For a class c and feature f:

P(f|c) = \frac{count(f, \bar{c}) + \alpha}{\sum_{f'} count(f', \bar{c}) + \alpha \cdot |V|}

  • count(f, \bar{c}) = count of feature f in the complement of class c
  • \alpha = smoothing parameter (Laplace smoothing)
  • |V| = vocabulary size

Example

Suppose classifying sentences as Apples or Bananas using word frequencies, To classify a new sentence (Round=1, Red=1, Soft=1):

  • MNB would estimate probabilities for Apples using only Apples data
  • CNB estimates probabilities for Apples using Bananas' data (complement) and vice versa

Solving by CNB: We classify a new sentence with features {Round =1, Red =1, Soft =1} and vocabulary {Round, Red, Soft}.

Step 1: Complement counts

  • For Apples, use Bananas’ counts -> {Round:5, Red:1, Soft:3}
  • For Bananas, use Apples’ counts -> {Round:3, Red:4, Soft:1}

Step 2: Probabilities (using Laplace smoothing, Îą =1)

For Apples:

  • Round = (5+1)/(5+1+3+3) = 6/12 = 0.5
  • Red = (1+1)/12 = 0.167
  • Soft = (3+1)/12 = 0.333

For Bananas:

  • Round = (3+1)/(3+1+4+1) = 4/11 ≈ 0.364
  • Red = (4+1)/11 = 0.455
  • Soft = (1+1)/11 = 0.182

Step 3: Scores, Multiply feature probabilities:

  • Apples = 0.5 × 0.167 × 0.333 ≈ 0.0278
  • Bananas = 0.364 × 0.455 × 0.182 ≈ 0.0301

Final Result -> Bananas

Implementing CNB

We can implement CNB using scikit-learn on the wine dataset (for demonstration purposes).

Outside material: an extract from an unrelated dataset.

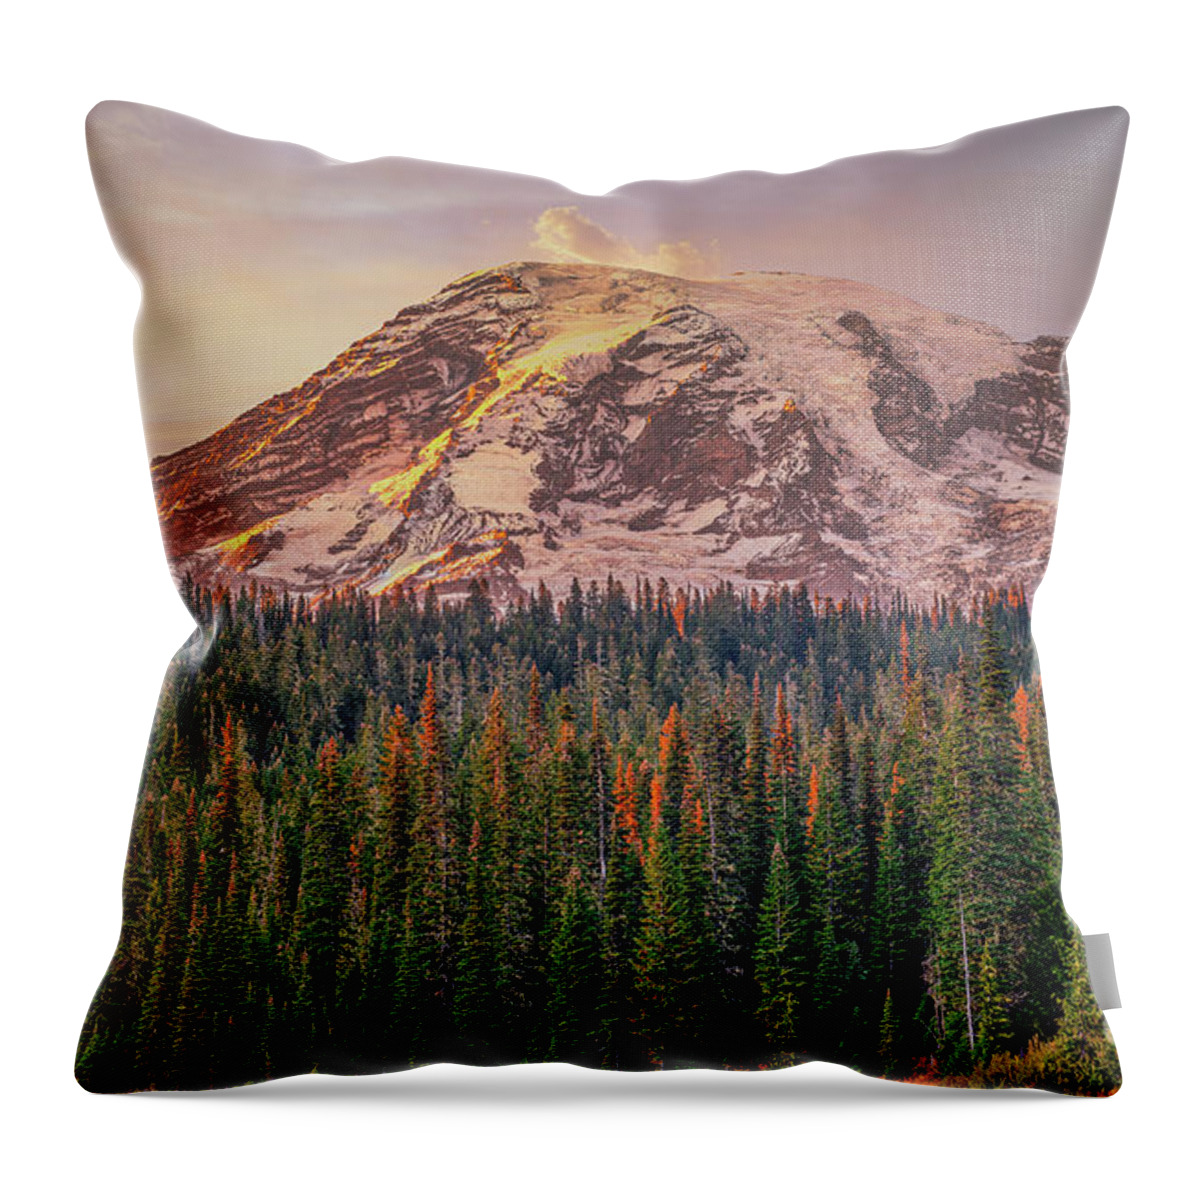 Sunset Throw Pillow featuring the photograph A Beautiful Sunset by Dheeraj Mutha

1. Import libraries and load data

We will import and load the required libraries

  • Import load_wine for dataset loading from sklearn.
  • Use train_test_split to divide data into training and test sets.
  • Import ComplementNB as the classifier.
  • Import evaluation metrics: classification_report and accuracy_score.
Python
from sklearn.datasets import load_wine
from sklearn.model_selection import train_test_split
from sklearn.naive_bayes import ComplementNB
from sklearn.metrics import classification_report, accuracy_score

# Load the wine dataset
data = load_wine()
X, y = data.data, data.target

2. Split into training and test sets

We will split the dataset into training and test sets:

  • Split the dataset into 70% training and 30% testing data.
  • Set random_state=42 for reproducibility.
Python
X_train, X_test, y_train, y_test = train_test_split(X, y, test_size=0.3, random_state=42)

3. Train the CNB classifier

We will train the Complement Naive Bayes classifier

  • Create a ComplementNB instance.
  • Fit the classifier on the training data.
Python
cnb = ComplementNB()
cnb.fit(X_train, y_train)

4. Evaluate the model

We will now evaluate the trained model:

  • Predict class labels for the test set using predict().
  • Print the accuracy score and the classification report for detailed metrics.
Python
y_pred = cnb.predict(X_test)
print("Accuracy:", accuracy_score(y_test, y_pred))
print("\nClassification Report:")
print(classification_report(y_test, y_pred))
CNB-output
CNB output

Note: CNB is better suited for discrete data like text. For continuous features (as in this dataset), Gaussian Naive Bayes might perform better.

When to Use CNB

ScenarioWhy CNB is Suitable
Imbalanced class distributionsThe complement approach ensures minority classes receive fairer parameter estimates.
Text classificationCNB handles discrete feature counts (e.g., word frequencies) very effectively.
Large feature spacesCNB is computationally efficient and easy to interpret, even with many features.

Limitations of CNB

  • Feature independence assumption: Like all Naive Bayes variants, CNB assumes that features are conditionally independent given the class. This assumption is rarely true in real-world datasets and can reduce accuracy when violated.
  • Best suited for discrete features: CNB is primarily designed for tasks with discrete data, such as word counts in text classification. Continuous data typically requires preprocessing for optimal results.
  • Bias in balanced datasets: The complement-based parameter estimation can introduce unnecessary bias when classes are already balanced. This may reduce its advantage compared to standard Naive Bayes models.